Table S3. TRS-L-Dependent Recombination Events and the Expected Protein Products, Related to Figure 3

This table extends the information for the recombination events using the canonical leader TRS. “5′ site” and “3′ site” are the end positions of the most frequently observed gap among the ones that are expected to produce the identical ORF. “Startpos” is the genomic coordinate where the first AUG appears in the resulting recombination product. “Resultingsequence” shows the sequence near the recombination site with the nucleotides from the 5′-side in lowercase, and those from the 3′-side in uppercase. “Annot_cds” is the name of an ORF that shares the start codon position with the recombination product by the “first AUG” rule. “Annot_cds_start” and “annot_cds_end” indicate the interval of the annotated canonical ORF that matches to the start codon in the recombination product. “Startmatch_name” and “startmatch_offset” show the canonical ORF that overlaps with the position of the first appearing AUG in the recombination product, and the distance between the AUG and the start codon position of the ORF. “Stopmatch_name” and “stopmatch_offset” show the canonical ORF that overlaps with the expected stop codon position in case the translation starts at the first appearing AUG, and the relative coordinate of the “expected” stop codon position from the stop codon of the canonical ORF. “Translation” shows the peptide sequence that is expected to be produced by the first ORF in the recombination product.

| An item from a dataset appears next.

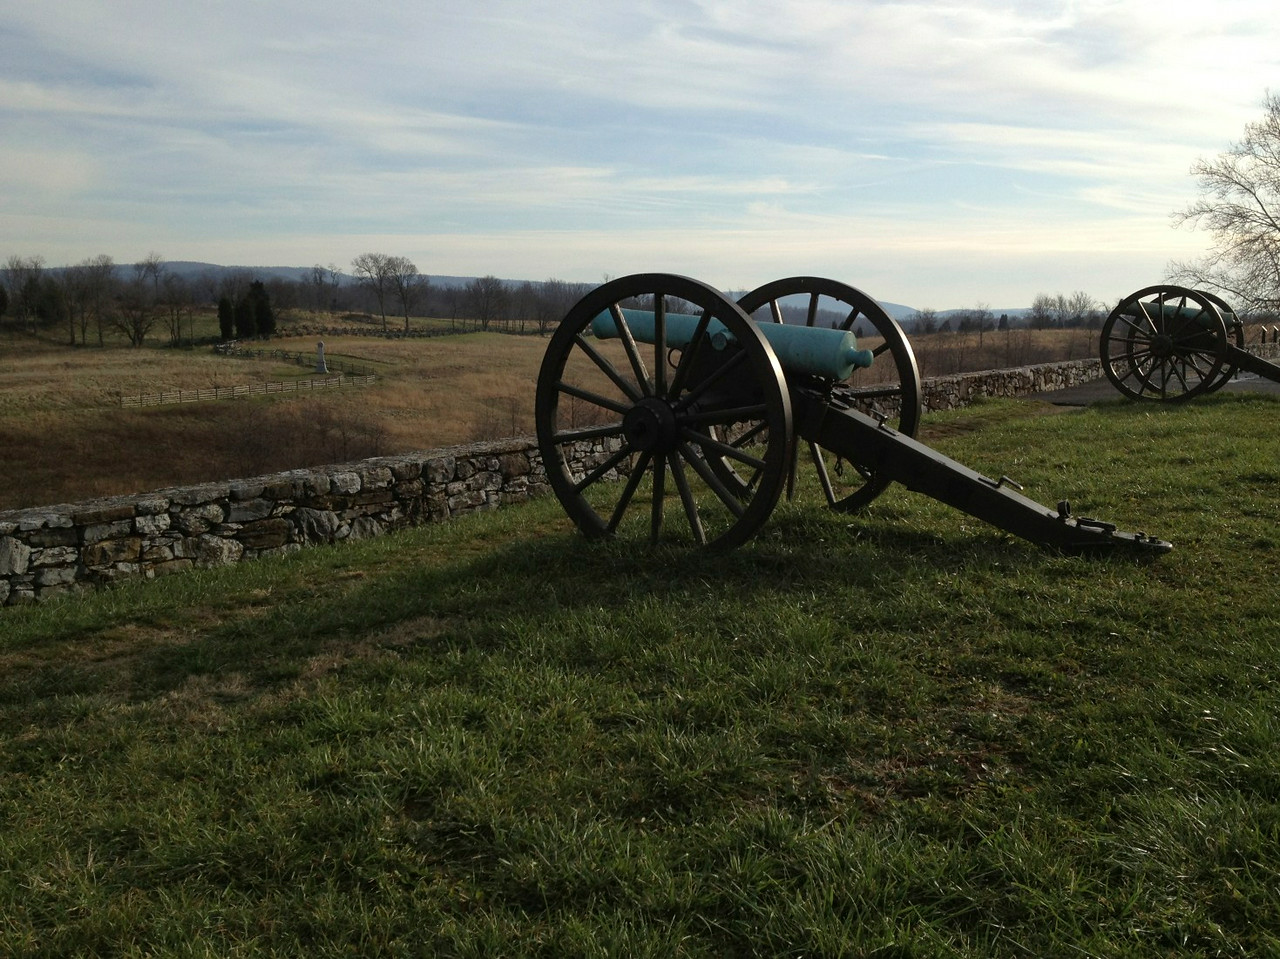 Cannon overlooking Antietam Battlefield

Table S4. TRS-L-Independent Distant Recombination Events from the 5′ Sites Located within the “Hot Spots,” Related to Figure 3

Many distant recombination events do not involve the leader sequence. Instead, the 5′ sites are often found in “hot spots” near ORFs or nsp2 and nsp3. “Count” indicates the number of reads that share the same 5′ and 3′ sites. “Skip” is the size of the deletion in the given combination of 5′ and 3′ sites. “Truncated_prod” is the name of a mature peptide that is truncated by recombination. “Lost_aa” is the number of amino acids lost from the mature peptide by recombination. “Added_aa” is the number of amino acids introduced to the potentially truncated product by recombination. By the recombination event, the sequence indicated in “ctx_orig” turns into the sequence in “ctx_new.”

Table S5. Detected Modification Sites in sgRNAs, Related to Figure 5

The “pos” column shows all genomic positions reported to be modified at least 20% in any species of sgRNA. “Location” indicates the name of the ORF or mature peptide that the position codes. The percentage numbers below the names of sgRNAs are the estimated fraction of modified reads at the position. “Context” shows the sequence context around the modified bases.